By “certain distance function”, I mean a specific function that forces the problem to be O(n!^2).

But fear not! I have an idea of such function.

So the idea of such function is the hamming distance of a hash (like sha256). The hash is computed iterably by h[n] = hash(concat(h[n - 1], l[n])).

This ensures:

  • We can save partial results of the hashing, so we don’t need to iterate through the entire lists for each permutation. Otherwise we would get another factor n in time complexity.
  • The cost of computing the hamming distance is O(1).
  • Order matters. We can’t cheat and come up with a way to exclude some permutations.

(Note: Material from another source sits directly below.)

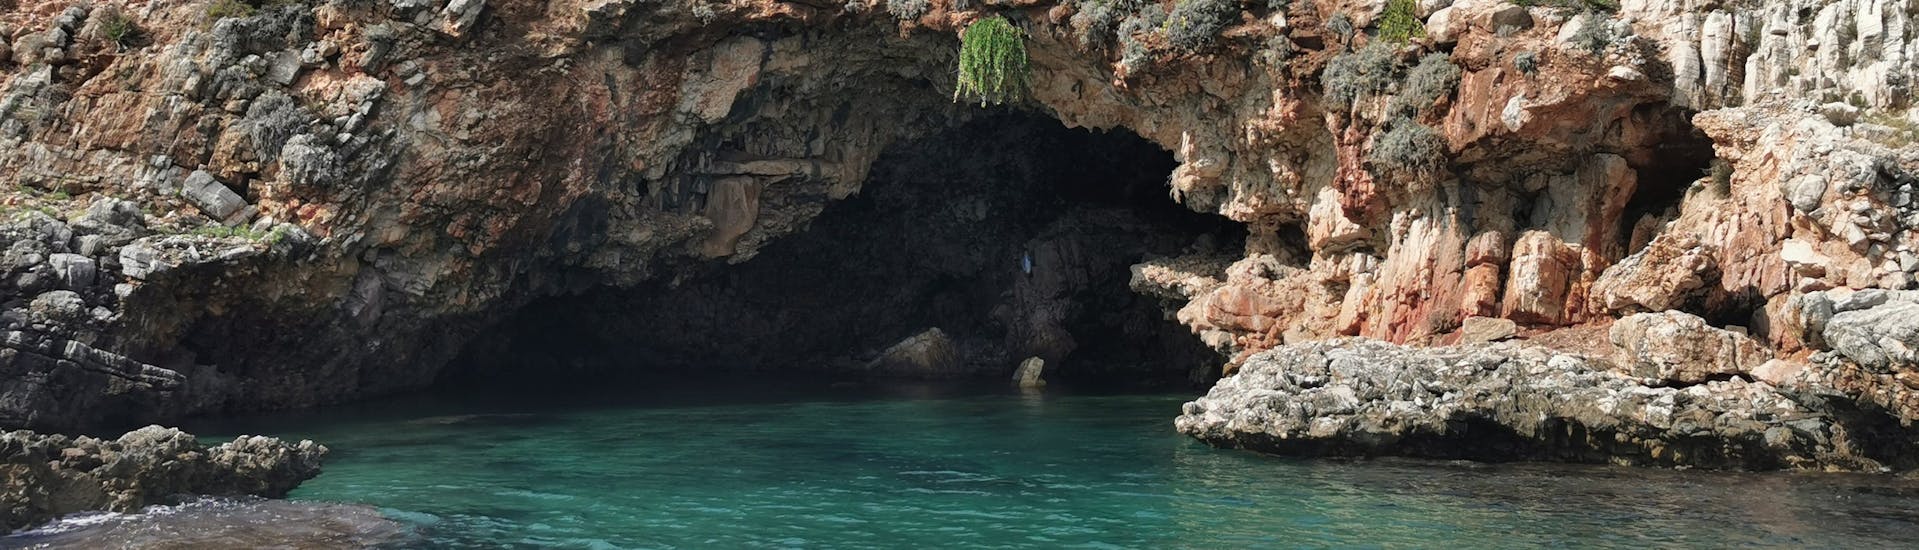 La costa de Riserva dello Zingaro tiene muchas cuevas hermosas que se pueden admirar durante el viaje en barco desde Castellamare a Riserva dello Zingaro.

No idea of the practical use of such algorithm. Probably completely useless.

[–] [email protected] 2 points 2 months ago (7 children)

honestly I was very suspicious that you could get away with only calling the hash function once per permutation , but I couldn't think how to prove one way or another.

so I implemented it, first in python for prototyping then in c++ for longer runs... well only half of it, ie iterating over permutations and computing the hash, but not doing anything with it. unfortunately my implementation is O(n²) anyway, unsure if there is a way to optimize it, whatever. code

as of writing I have results for lists of n ∈ 1 .. 13 (13 took 18 minutes, 12 took about 1 minute, cant be bothered to run it for longer) and the number of hashes does not follow n! as your reasoning suggests, but closer to n! ⋅ n.

desmos graph showing three graphs, labeled #hashes, n factorial and n factorial times n

link for the desmos page

anyway with your proposed function it doesn't seem to be possible to achieve O(n!²) complexity

also dont be so negative about your own creation. you could write an entire paper about this problem imho and have a problem with your name on it. though I would rather not have to title a paper "complexity of the magic lobster party problem" so yeah

[–] [email protected] 1 points 2 months ago* (last edited 2 months ago)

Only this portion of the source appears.